Found 8 outliers among 100 measurements (8.00%)
4 (4.00%) high mild
4 (4.00%) high severe
ndarray time: [6.2882 ms 6.3008 ms 6.3148 ms]
change: [-0.7727% -0.5346% -0.2994%] (p = 0.00 < 0.05)
Change within noise threshold.
Found 3 outliers among 100 measurements (3.00%)
2 (2.00%) high mild
1 (1.00%) high severe
micro_ndarray 3D time: [43.007 ms 43.054 ms 43.101 ms]

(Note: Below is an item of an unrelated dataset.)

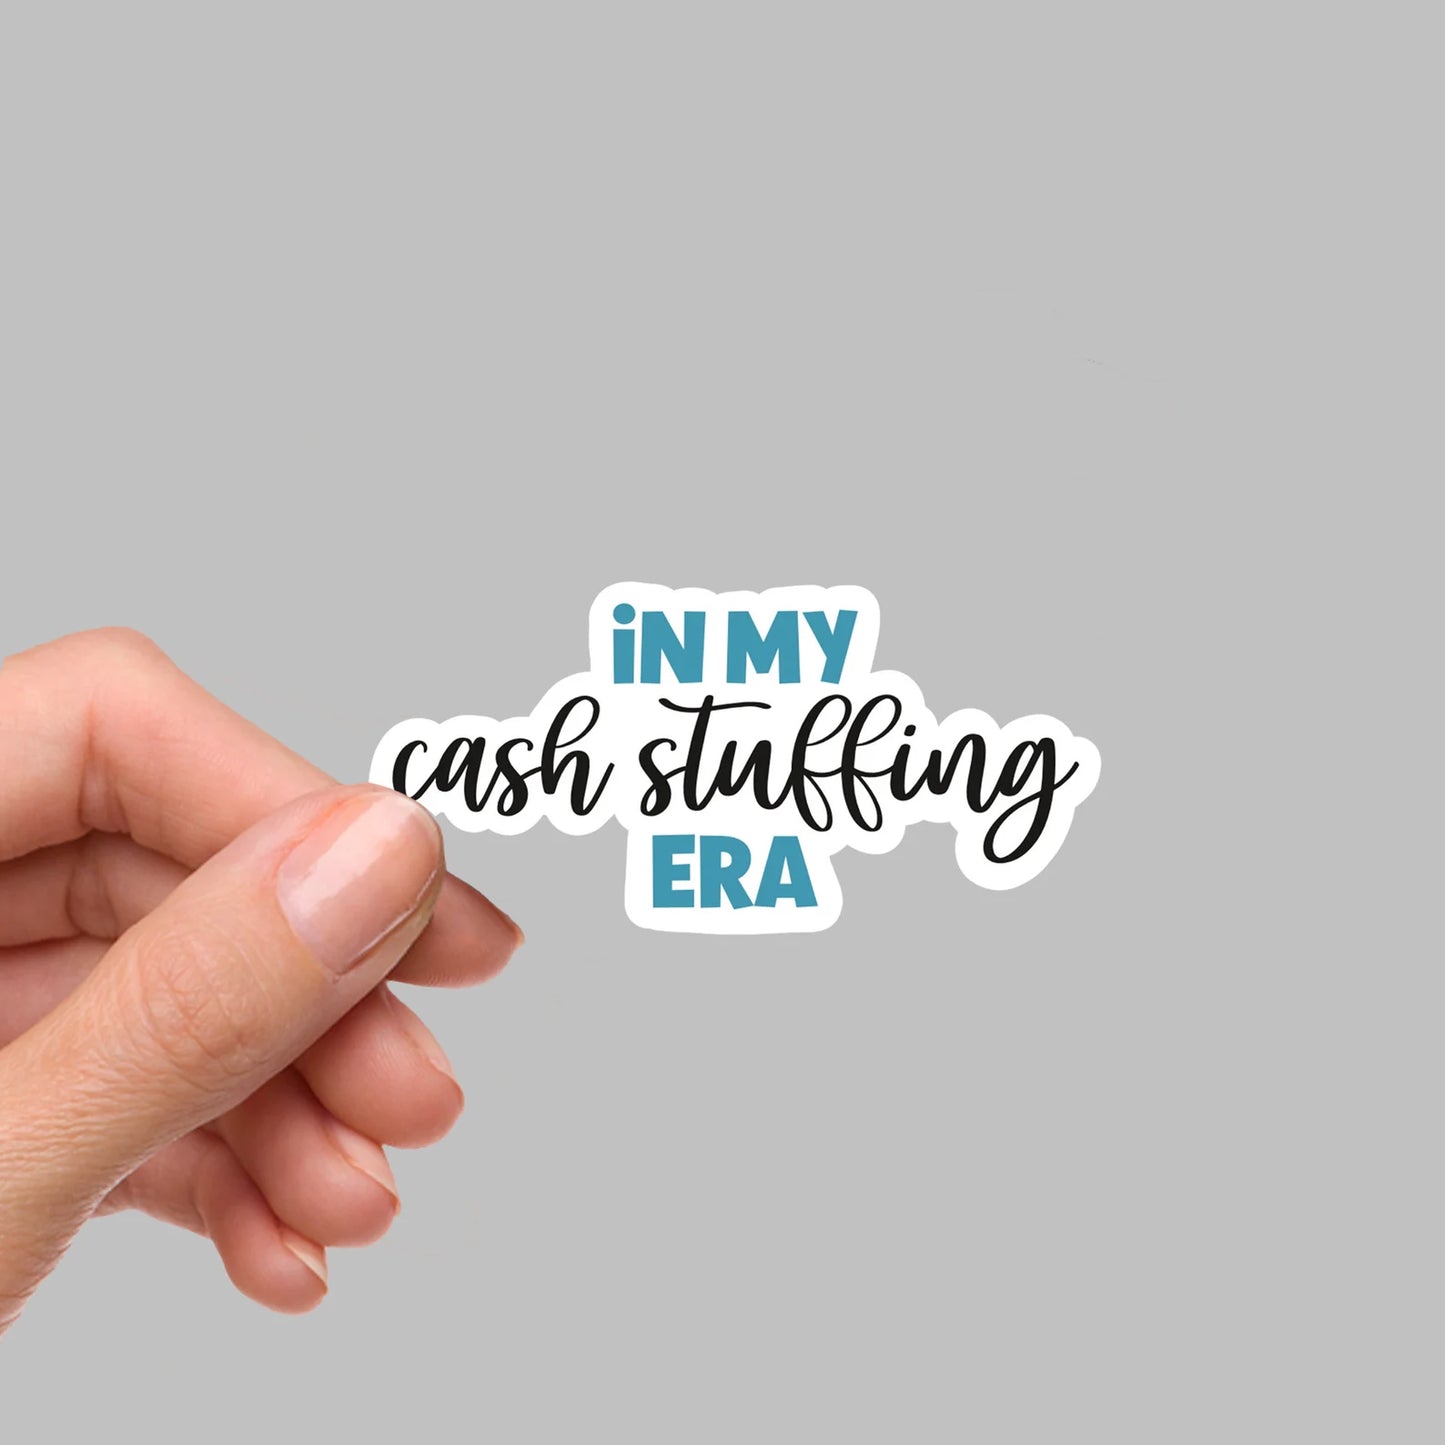 Cash Stuffing Era Sticker

change: [-1.1832% -1.0392% -0.8876%] (p = 0.00 < 0.05)
Change within noise threshold.
ndarray 3D time: [25.750 ms 25.778 ms 25.806 ms]

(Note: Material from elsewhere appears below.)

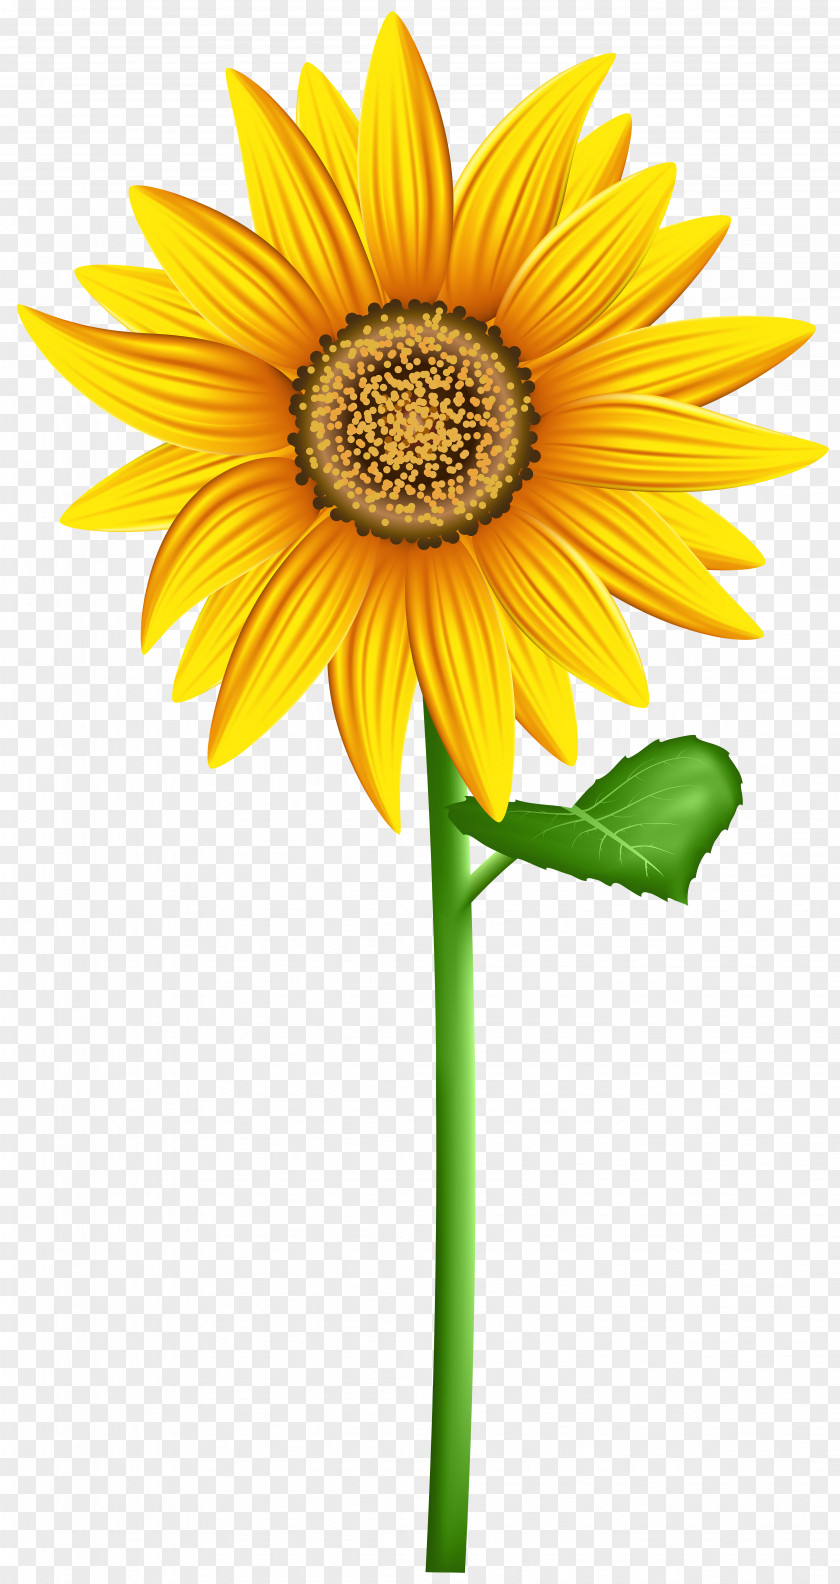 Orange Sunflower Clip Art Desktop Wallpaper Image PNG

change: [-0.6465% -0.5203% -0.3904%] (p = 0.00 < 0.05)
Change within noise threshold.
micro_ndarray 4D time: [47.875 ms 47.958 ms 48.043 ms]
change: [-0.3193% -0.1150% +0.0840%] (p = 0.27 > 0.05)
No change in performance detected.
Found 2 outliers among 100 measurements (2.00%)
2 (2.00%) high mild
ndarray 4D time: [39.701 ms 39.756 ms 39.810 ms]
change: [-0.7251% -0.5708% -0.4248%] (p = 0.00 < 0.05)
Change within noise threshold.
micro_ndarray 7D time: [46.657 ms 46.724 ms 46.790 ms]
change: [-0.3268% -0.1459% +0.0485%] (p = 0.14 > 0.05)
No change in performance detected.
Benchmarking ndarray 7D: Warming up for 3.0000 s
Warning: Unable to complete 100 samples in 5.0s. You may wish to increase target time to 170.6s, or reduce sample count to 10.
ndarray 7D time: [1.6210 s 1.6228 s 1.6247 s]
change: [+0.4095% +1.6176% +2.8514%] (p = 0.01 < 0.05)
Change within noise threshold.
Found 2 outliers among 100 measurements (2.00%)
2 (2.00%) high mild
As you can see, micro_ndarray is very consistent even with higher dimensions, while ndarray is extremely fast in 2D and exteremely slow in 7D.